Hildebrand war von 2010 bis 2012 Präsident der SNB. Er trat im Zuge der sogenannten Hildebrand-Affäre zurück. Ihm wurde Insiderhandel mit Devisen vorgeworfen, nachdem Bankunterlagen publik wurden. Ein Mitarbeiter der Bank Sarasin ging mit den Unterlagen zu Rechtsanwalt Hermann Lei. Lei gab die Unterlagen wiederum dem damaligen SVP-Nationalrat Christoph Blocher.

Die Affäre zog weite Kreise. Die Staatsanwaltschaft verzichtete schliesslich auf ein Verfahren gegen Hildebrand, weil die umstrittenen Dollar-Transaktionen nicht gegen den Strafbestand des Insiderhandels verstiessen. (sda)

Für den Bundesrat sei das kein Handicap für diese Kandidatur, so Parmelin. Verschiedene Untersuchungen hätten den Fall ausführlich dokumentiert und keine Risiken ausgemacht.

Neue Antworten auf neue Fragen

Kandidat Hildebrand erläuterte vor allem seine Motivation für diesen Job. Die Digitalisierung und vor allem der Klimawandel würden die Wirtschaftsstrukturen fundamental ändern. Diesem weltweiten Wandel könne längerfristig nicht allein mit einer immer aggressiveren Geldpolitik begegnet werden.

Es brauche andere Strukturen und Lösungen, so Hildebrand: «Es ist mittlerweile offensichtlich, dass dieser Weg in Zukunft nicht mehr endlos beschritten werden kann. Ganz besonders was die Geldpolitik angeht.» Es brauche andere Antworten auf die grundsätzlichen strukturellen Probleme.

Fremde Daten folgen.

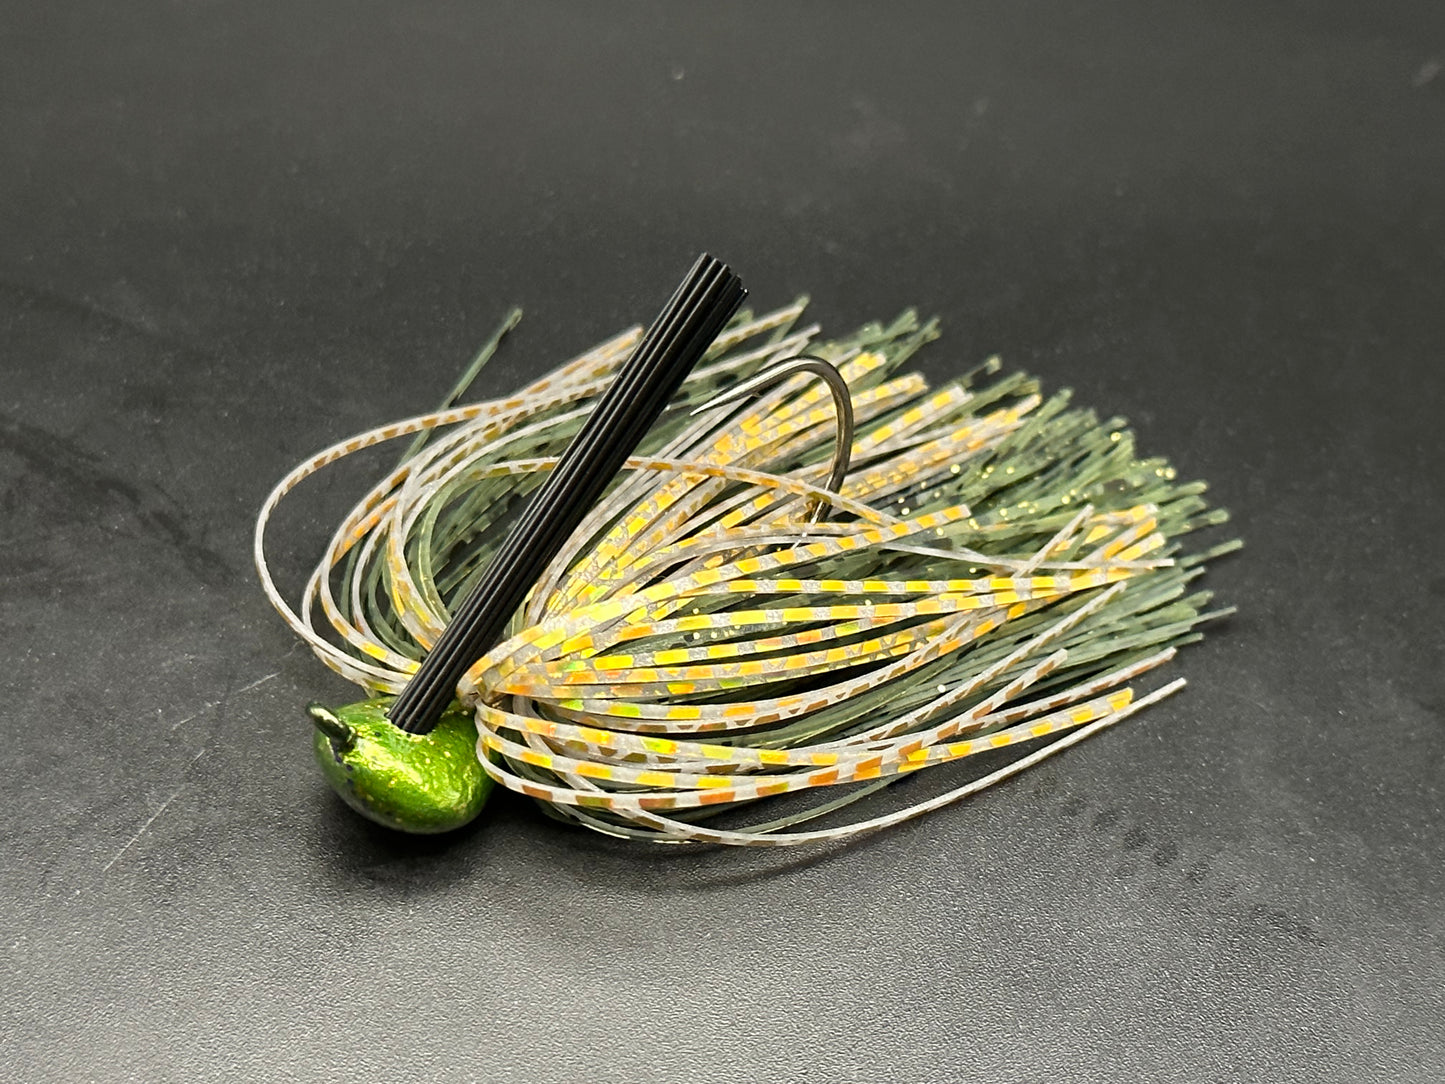 Arky Style Jig - 1 Jig wire tied by hand

Bundesrat rechnet sich gute Chancen aus

Da sei die OECD als federführende Organisation gefragt, so Hildebrand. «Das wird das dominante Thema sein. Deswegen glaube ich auch, dass die OECD enorm an Einfluss gewinnen wird und in den nächsten zehn Jahren in den internationalen Diskussionen eine Schlüsselstelle einnehmen wird.» Und für die Schlüsselposition als Chef der OECD sei er die richtige Wahl.

Der Bundesrat will die Kandidatur aktiv unterstützen und rechnet sich gute Chancen aus. Laut Bundesrat liegen bisher acht weitere Kandidaturen anderer Länder vor, unter ihnen die ehemalige schwedische EU-Handelskommissarin Cecilia Malmström. Die Wahl des Nachfolgers von OECD-Generalsekretär Angel Gurrìa soll nächstes Jahr erfolgen. Gurria hatte angekündigt, Ende Mai aufzuhören.